DATA SECTION
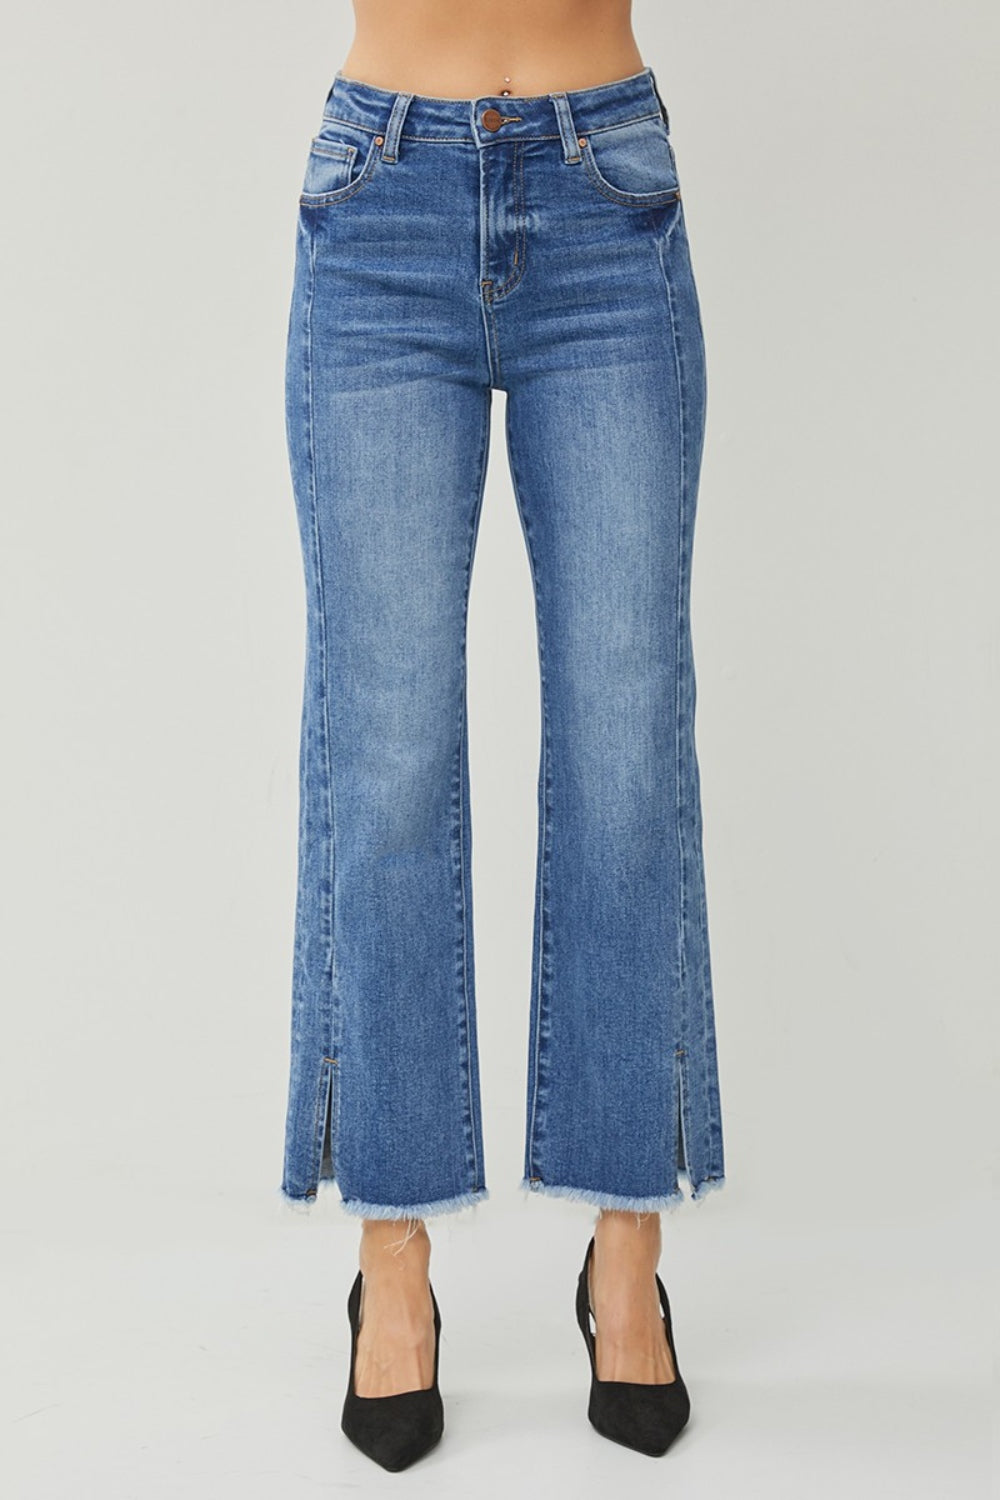 RISEN - Straight Leg Jeans - Front Seam - Inspired Eye Boutique
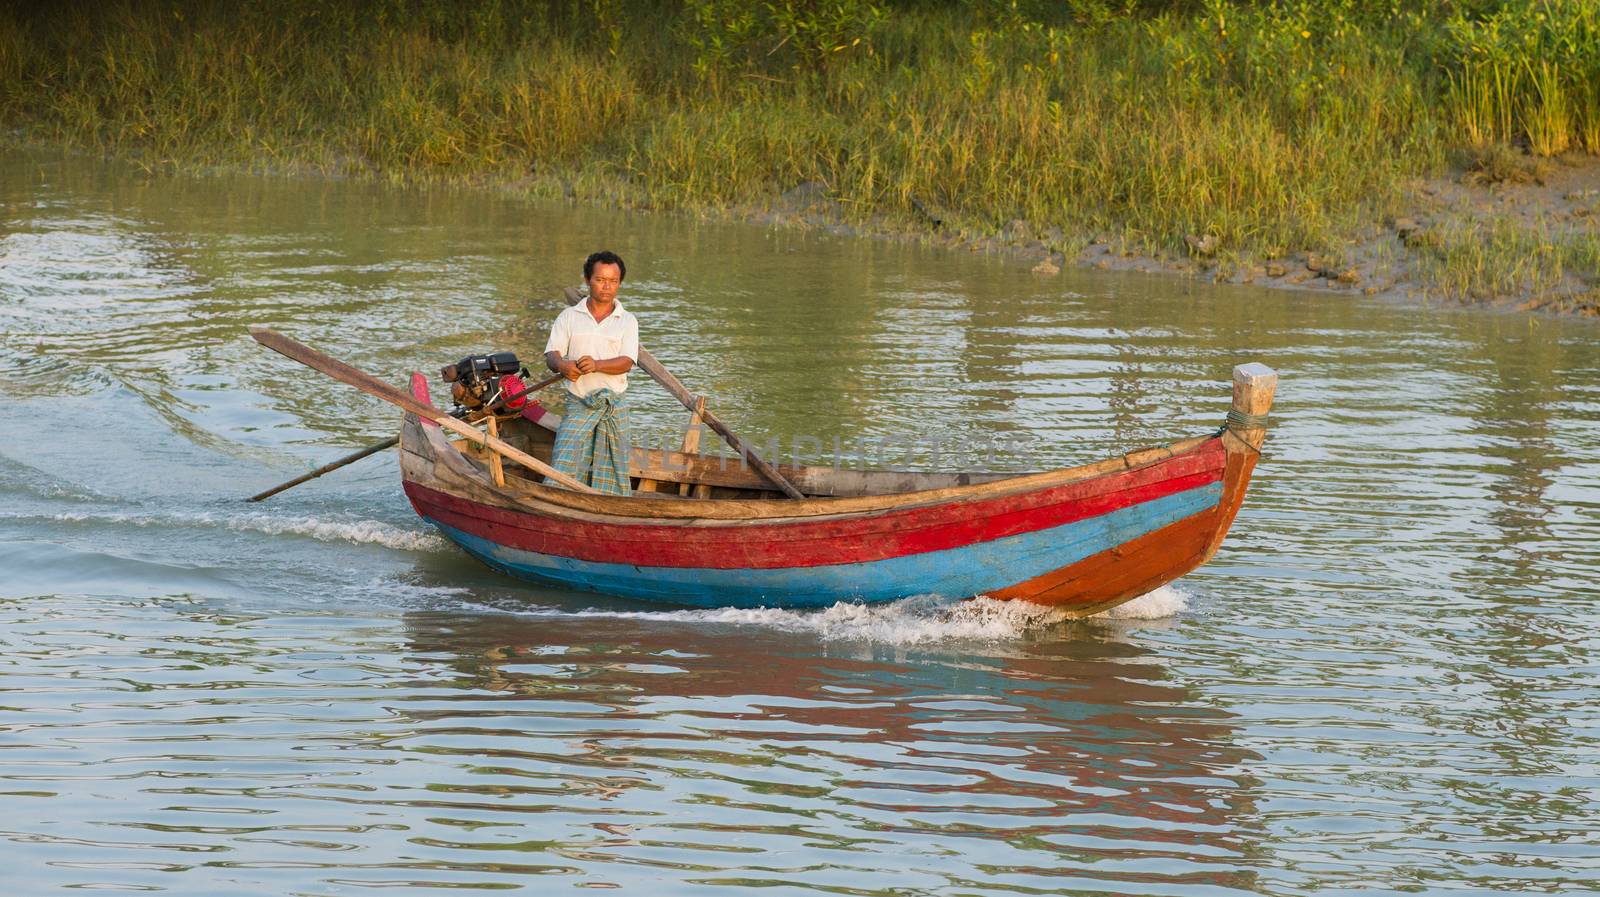 Sittwe, Rakhine State, Myanmar - October 16, 2014: Man navigating his motorboat on a canal near Sittwe, the capital of the Rakhine State in Myanmar.
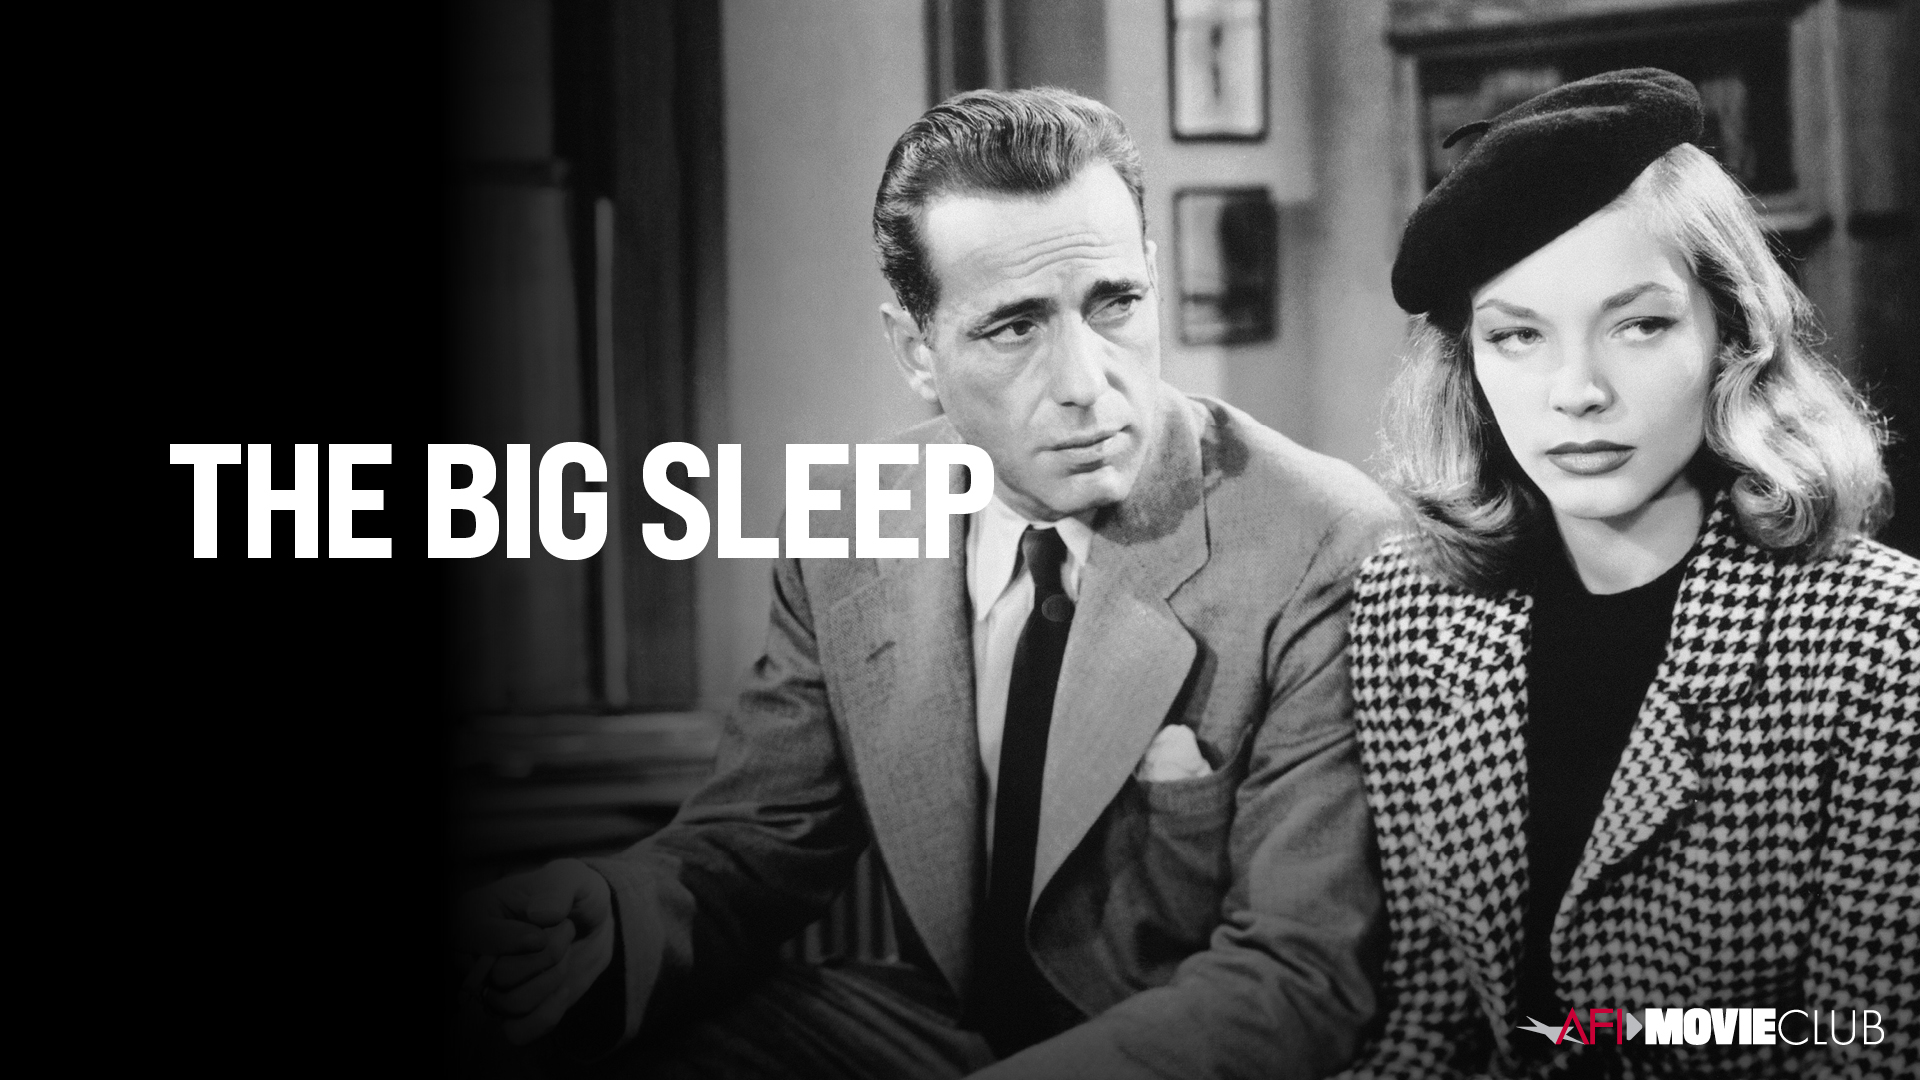 The Big Sleep Film Still - Lauren Bacall and Humphrey Bogart

ACTION ITEM
Write out, word for word, only the lines from the one containing "Sittwe, Rakhine State, Myanmar" to the end of the data above; the pictures stay out.

EXPECTED ANSWER
 Sittwe, Rakhine State, Myanmar - October 16, 2014: Man navigating his motorboat on a canal near Sittwe, the capital of the Rakhine State in Myanmar.
 The Big Sleep Film Still - Lauren Bacall and Humphrey Bogart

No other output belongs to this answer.